The civil service code and its values of
“integrity, honesty, objectivity and impartiality”
are statutory, and they are integral to our professional behaviour and judgment. Having spent half of my public service career in the civil service, I hold those values dear, as I know do all civil servants. Although I welcome the committee’s scrutiny and challenge, I robustly and resoundingly reject any attempt to misinterpret, misattribute or misconstrue the role or motives of civil servants who carried out their professional responsibilities in good faith in order to improve the Scottish Government’s workplace culture and, importantly, respond to serious and specific complaints.
That takes me to my second point. As permanent secretary, I am also responsible for the leadership, operation and performance of the organisation. That is why I have acknowledged and apologised on several occasions, rightly, for the procedural failing that came to light. That is also why I have committed to apply valuable learning across the Scottish Government from the outcome of the judicial review, the forthcoming conclusions of the review led by Laura Dunlop QC, the findings of the committee’s inquiry and our own internal review of information management, to ensure that staff have confidence in our commitment and approach to tackling sexual harassment in the workplace. Of course, there is no room for complacency, but you will find evidence that the Scottish Government is making headway in that endeavour in the recent public survey 2020 results, in which we have achieved strong improvement on leading and managing change, our highest-ever score on inclusion and fair treatment, and the lowest-ever proportion of colleagues responding that they had been bullied or harassed at work.
Finally, in my first appearance before the committee, I said that the Scottish Government did not choose the easy path, but it was, and remains, the right path.

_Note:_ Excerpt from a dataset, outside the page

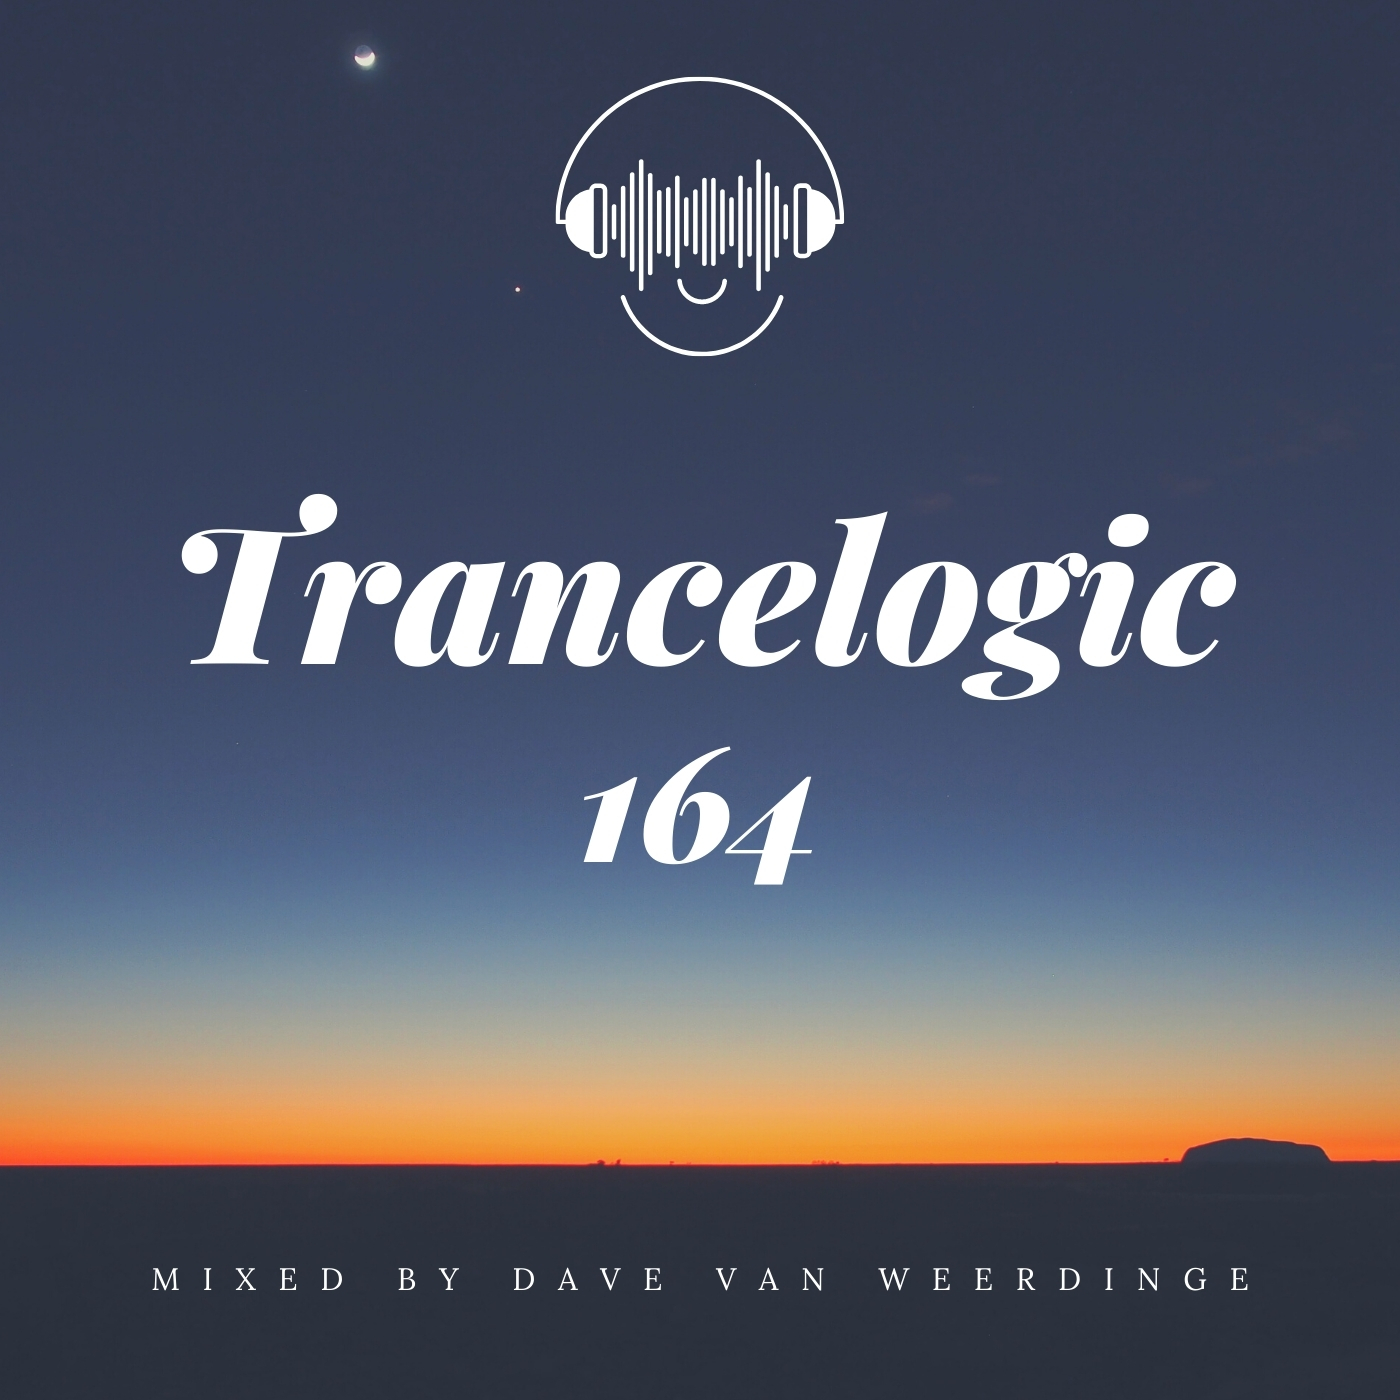 Trancelogic 164 by Dave van Weerdinge

It was right to create the environment in which the complaints could come forward and it was right to challenge any culture of silence and tolerance, and provide channels to report harassment to ensure that victims feel heard and have their concerns validated. It was right to take the complaints seriously and investigate them fairly, and it was right to defend our actions in doing so in court. Doing nothing was not an option; indeed, if that had been the decision, it would have been strongly and justifiably criticised. I still stand firmly by that position and shall continue to champion the Scottish Government’s work to support staff wellbeing and to build an environment where employees not only expect but are empowered to demand a safe working place free from harassment from wherever it might come. Indeed, convener, I am sure that you would expect nothing less.